··· Supplied data

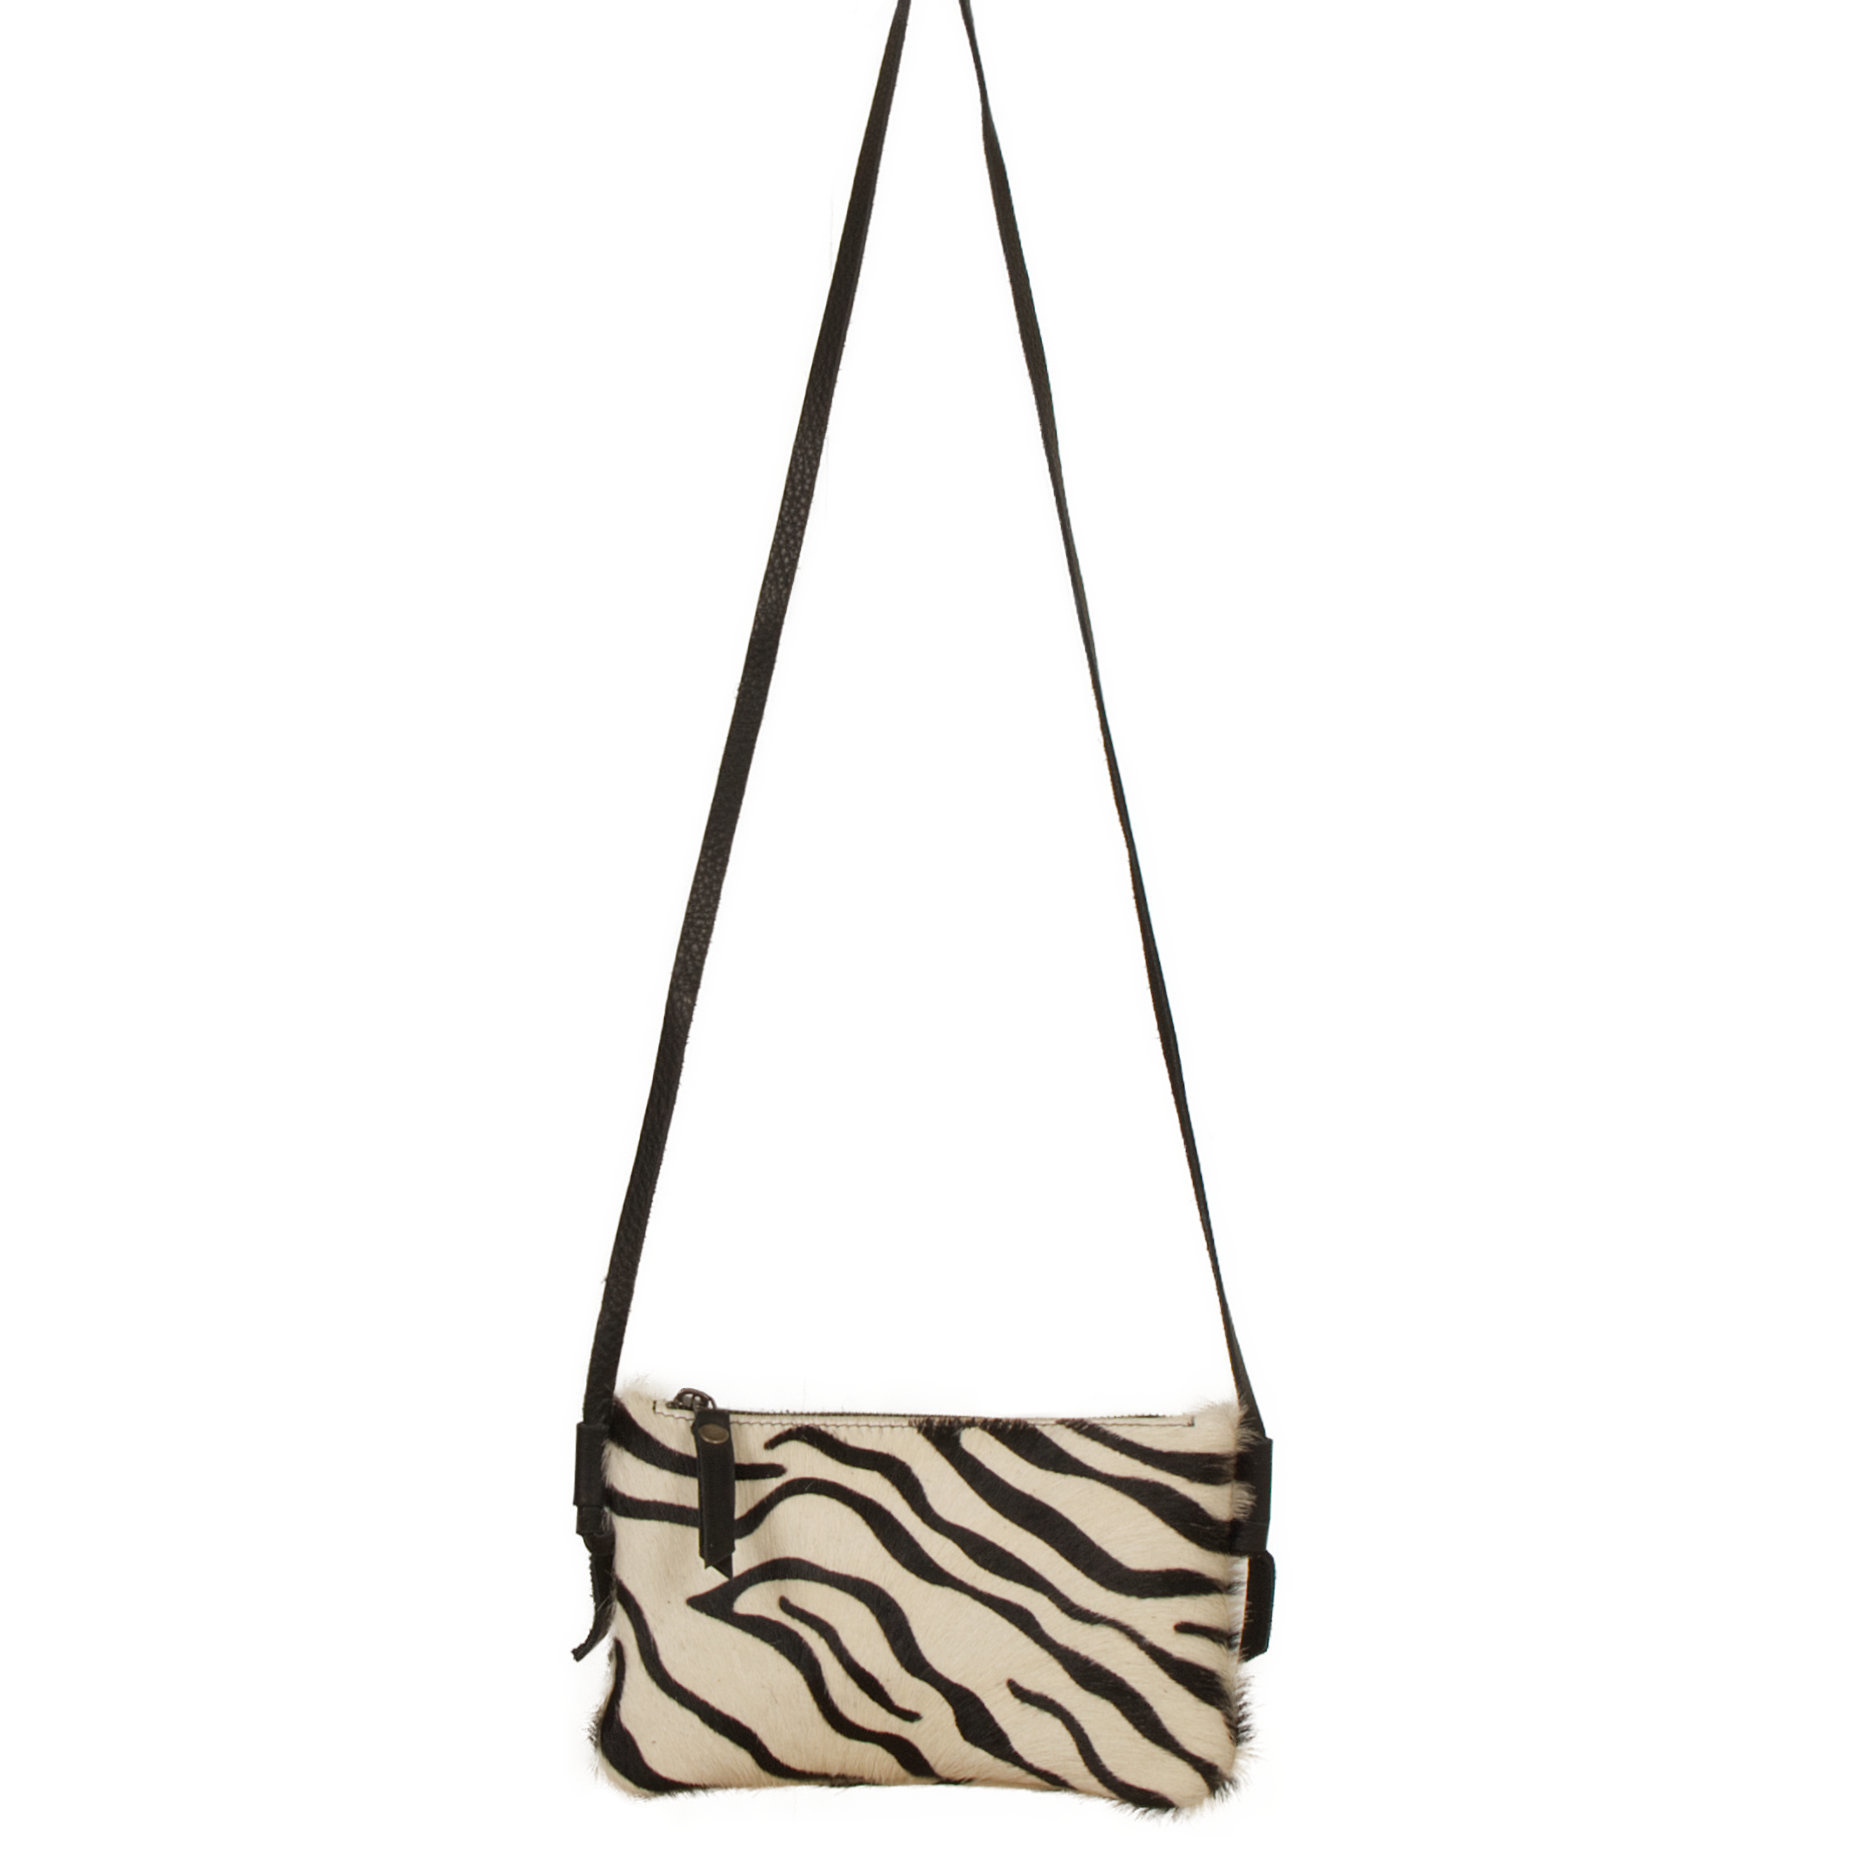 testVan Buren Koeienhuid schoudertasje - Zebraprint | Lederen crossbody
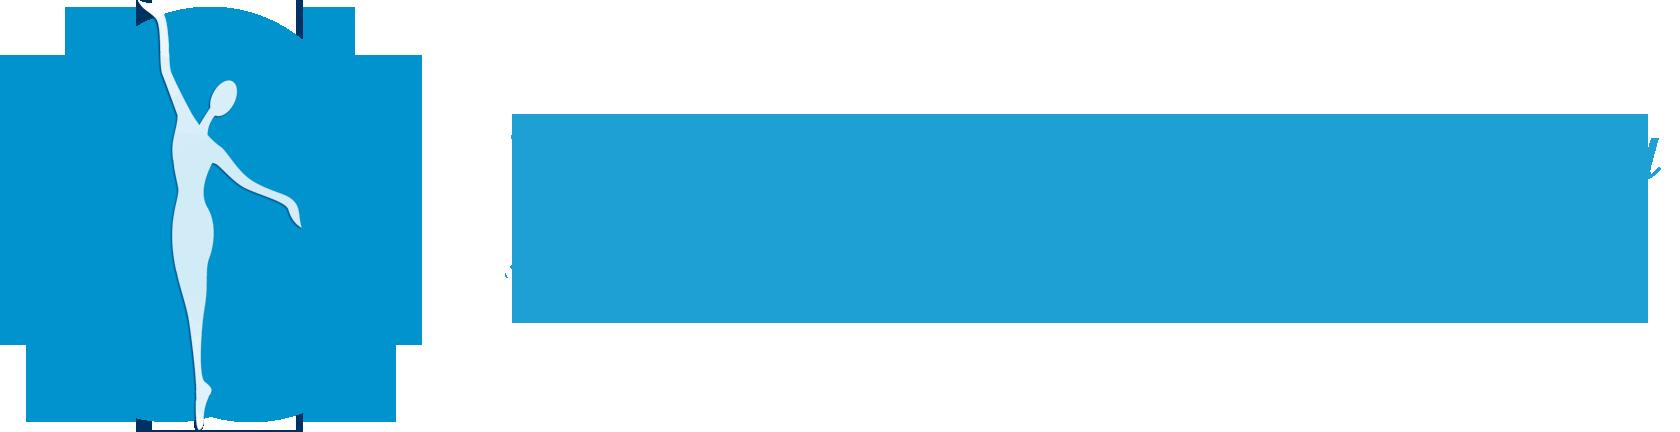 Центр пластической хирургии при РАН
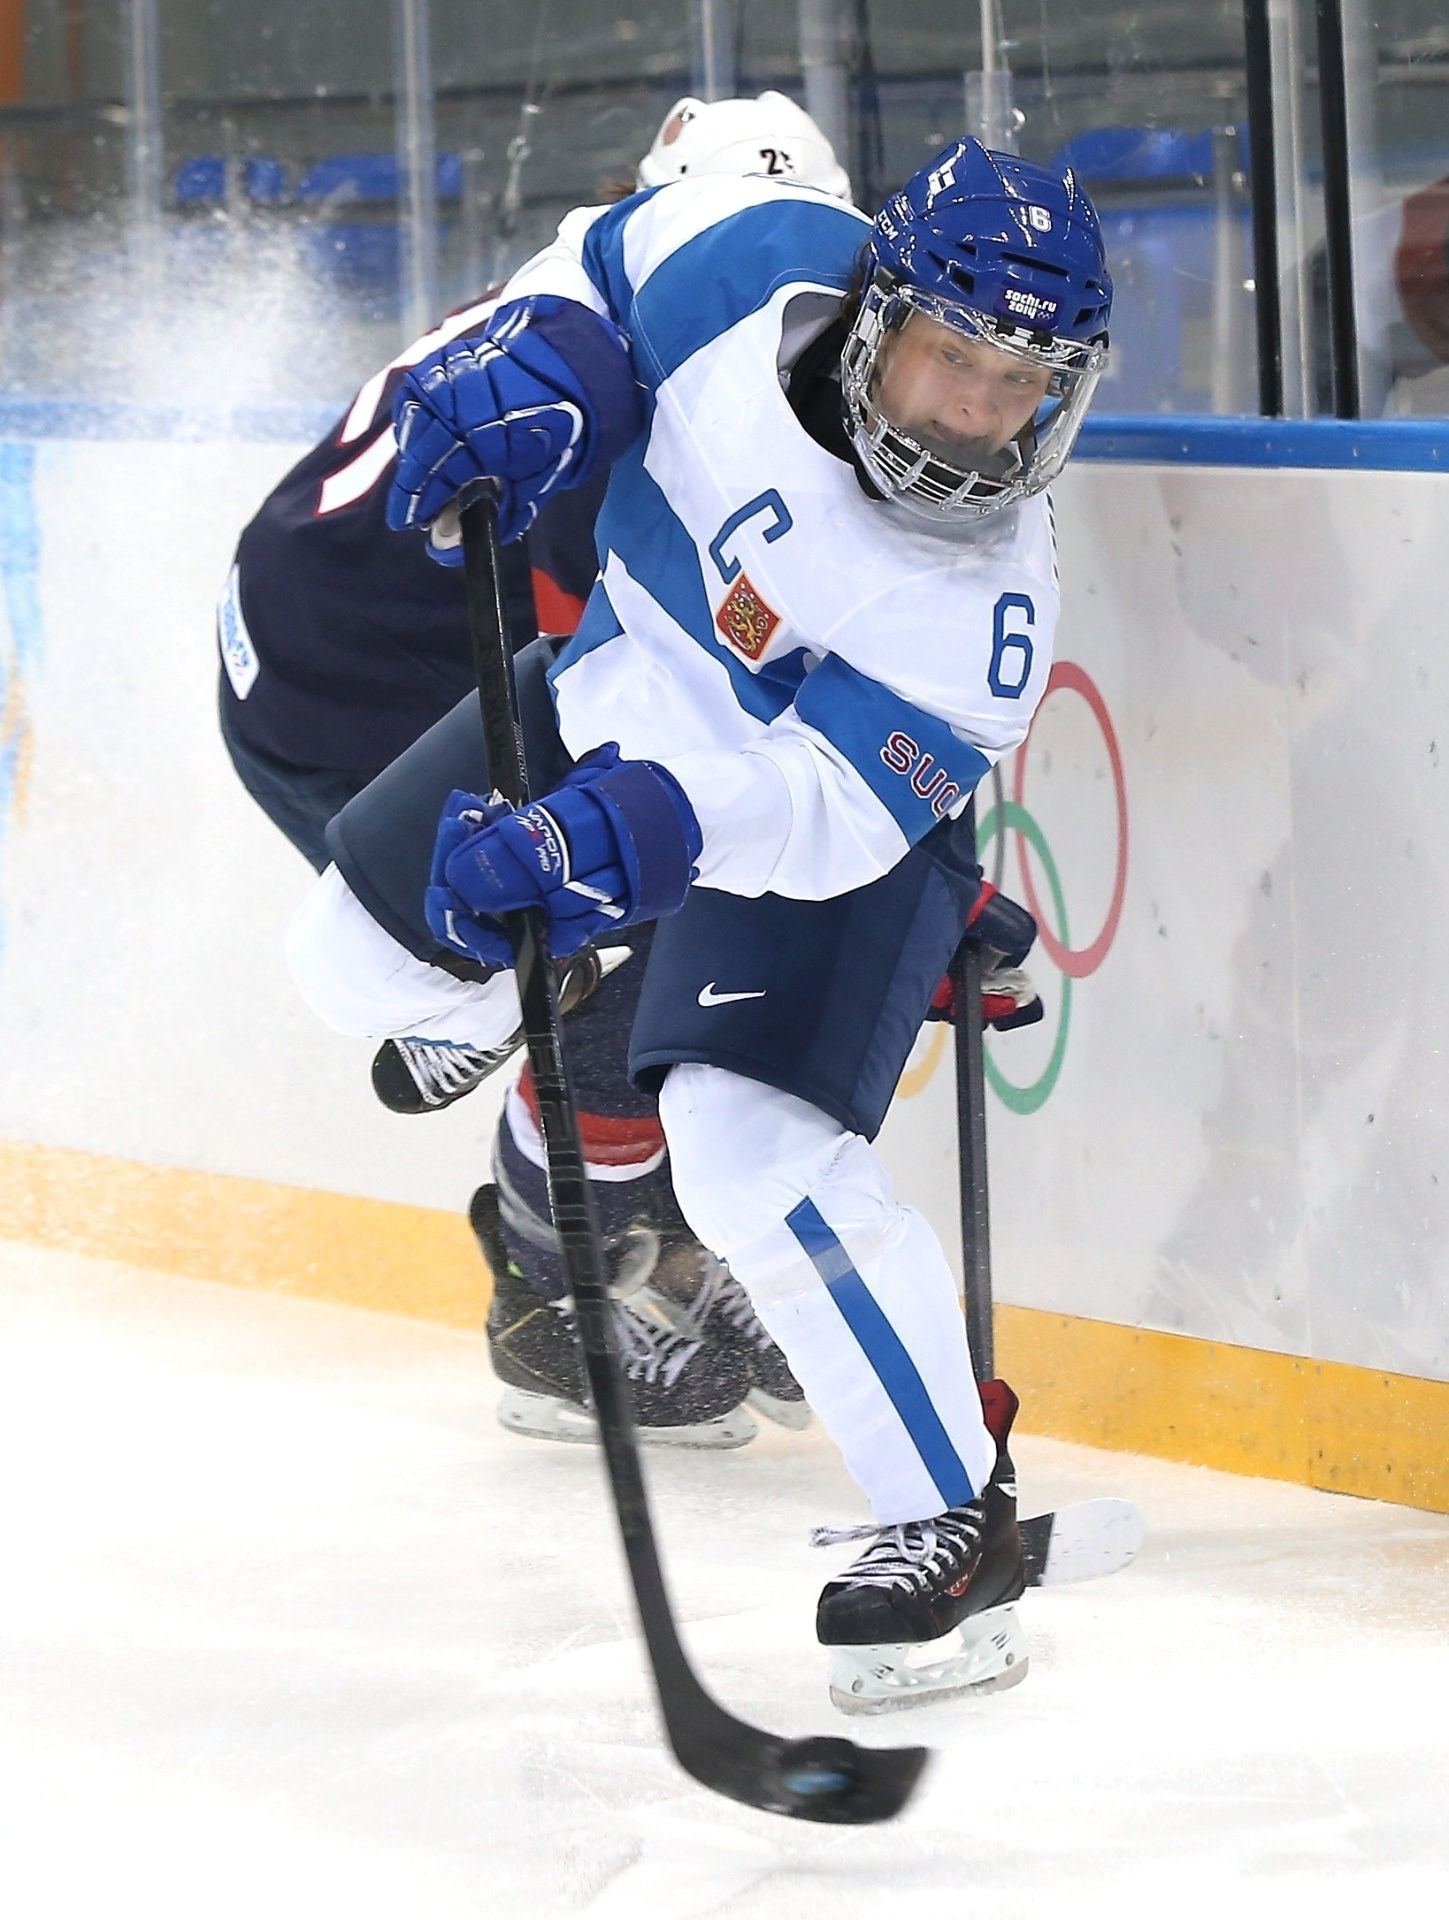 08.02.2014 - Jenni Hiirikoski, da Finlândia, empurra Hilary Knight para trás

······

• Task to complete: What you return should match the material line for line, with the images removed.

• Answer to this task:
 testVan Buren Koeienhuid schoudertasje - Zebraprint | Lederen crossbody
 Центр пластической хирургии при РАН
 08.02.2014 - Jenni Hiirikoski, da Finlândia, empurra Hilary Knight para trás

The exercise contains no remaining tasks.